With this in mind, Georgiou decided to create an adaptation that explored the play from the perspective of the women of Thebes.

At the end of the play, describes Georgiou, “Antigone wants to take the body of her brother and bury it, to give it a proper burial, and in that speech that she gives, it’s so moving to hear how powerful it is for a woman say, ‘I will take care of this. I will fix all of the pain and the problems—but if only you had listened.” Stronger Than Arms, the DGDG adaptation that will premiere this fall, is an exercise in listening to the women who appear in this ancient Greek trilogy.

Along with Stronger Than Arms, DGDG will return to the Theatre Three stage for the third time for The Bippy Bobby Boo Show: Again Again!, for a performance featuring “dad jokes,” high jinks, and hilarity, all signatures of Georgiou’s work and favored style. The Halloween production, with its cast of dancing ghosts, will reprise DGDG producer Justin Locklear’s role as Bippy Boppy.

In December Georgiou will direct Scrooge in Rouge for Fort Worth’s Stage West. Not only is this the first time she will be directing a show at Stage West, but it is her first time as the sole director of a play that she did not write. “That is a really big deal to me—that I’m not a choreographer on a show but I am the choreographer director!” says Georgiou enthusiastically. “I’m really excited.”
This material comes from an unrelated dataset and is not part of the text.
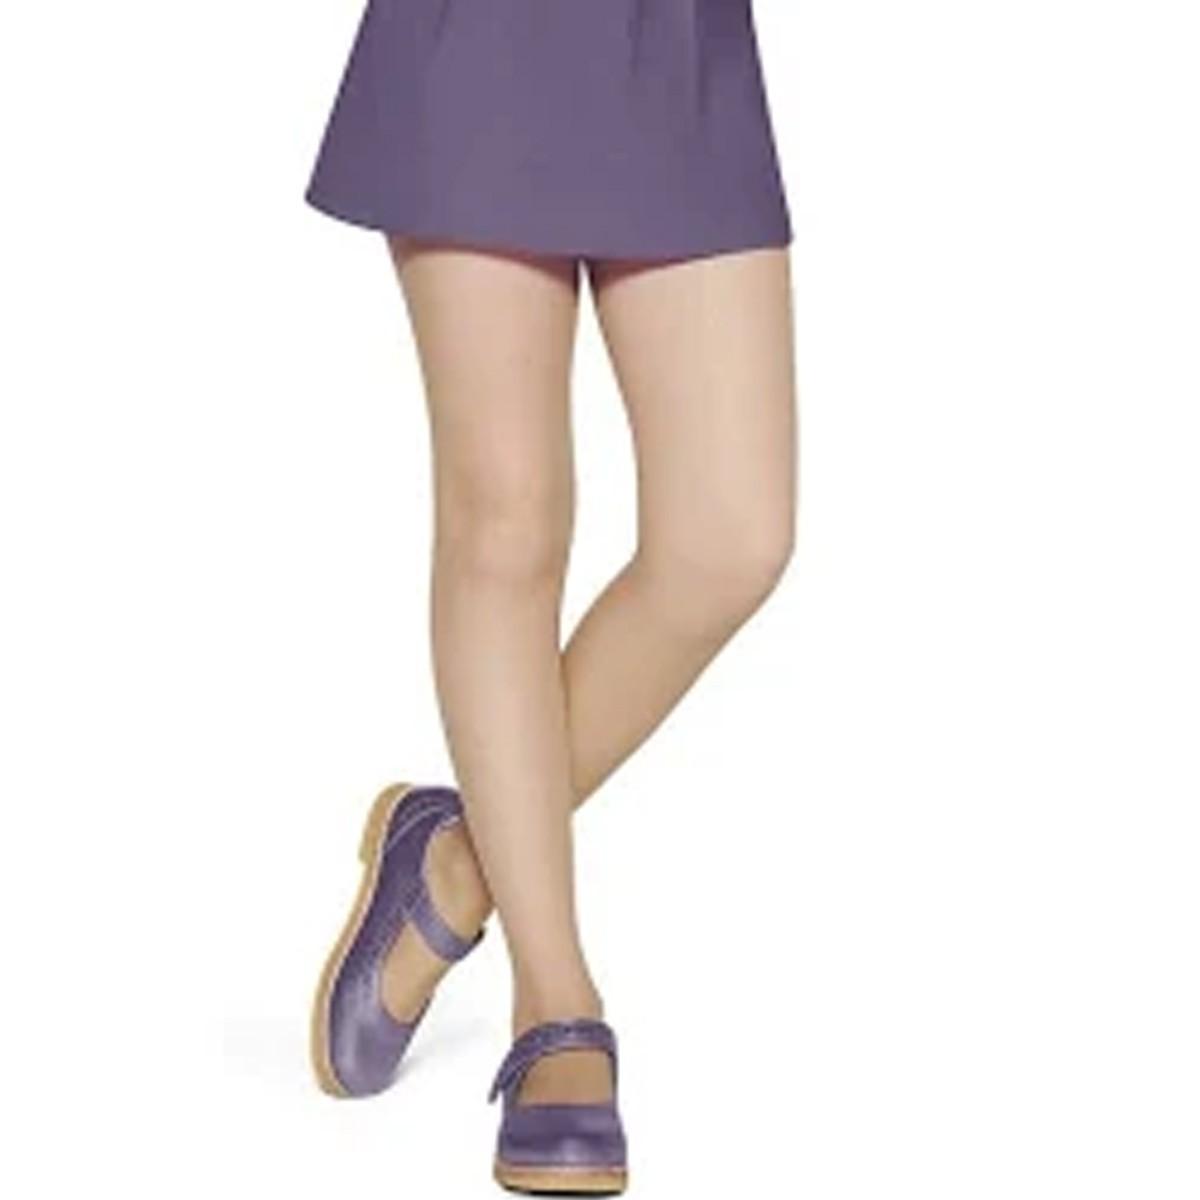 Meia Calça Fina Lisa Infantil Fio 20 Lobinha Lupo Delicada - 2570

The show is an ideal match for Georgiou’s theatrical sensibilities. “It’s kind of a show that is tailor-made for me” she says. When Stage West leadership told her that the play has a lot of “naughty bits” along with bizarre and ridiculous songs, she thought, “That’s me. I’m here for you.”

With summer and fall months full of new experiences and choreographic work, Georgiou is looking forward to ending the year with this production. “I’m really excited to challenge myself to do a script that is not my own and to see how it goes!”